Monday, February 18, 2008

Mono trickery


I always spot the best bugs during coding. While coding tjmd5 (see last posting) I ran across
an interesting mono feature. For each 'foo' C# file that it compiles it lookups 'foo.so'
in /usr, /usr/lib etc directories and 'foo.so.la' in the cwd. This can be abused to execute
arbitrary code while someone is just compiling an C#-file. I am not sure about the impact since
you can say that the dude is executing the .exe after he was compiling it.

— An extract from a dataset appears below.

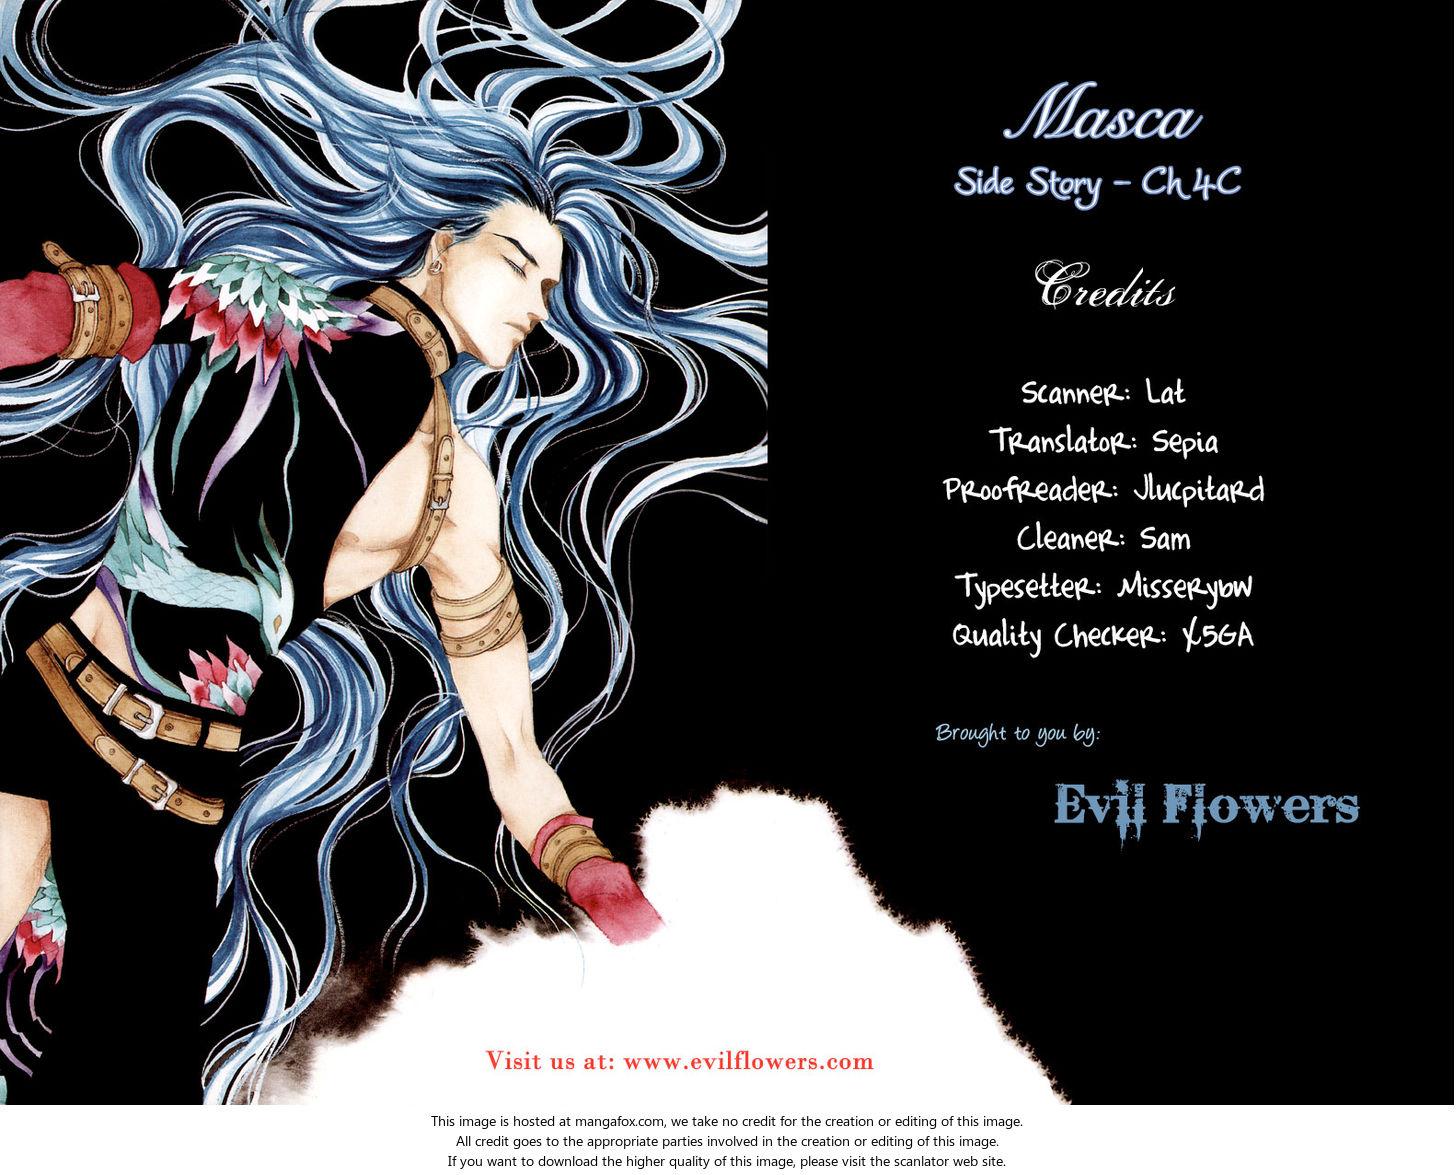 Masca: The Beginning 4.3 at MangaFox.la

Well.
Depending on the comments you all make I will decide whether this is something to tell Miguel :-)

5 comments:

Anonymous said...

Hello,

This is Mono's AOT support, you can disable it by using -O=-aot

Anonymous said...

-O=-aot is a switch for mono runtime itself.
The "bug" is about the mcs compiler
which does not know about AOT.
Note that code is executed during
*compilation* not during *run*.
Additionally if you name a .cs file
like libc.cs it will load /lib/libc.so
which may have some weird side effects-

Anonymous said...

I was unable to reproduce this problem.

Anonymous said...

Using mono 1.2.6 (latest download from
their site).

An strace shows that it tries to
open lots of bar.so on various places.
Additionally it uses mode 0666 for bar.exe
and a chmod afterwards...
I hope I did not mess up my mono install
after rpm -U with their rpm's but
it seems to work all fine, including
compilation and running C# files.

Anonymous said...

To the owner of this blog, how far youve come?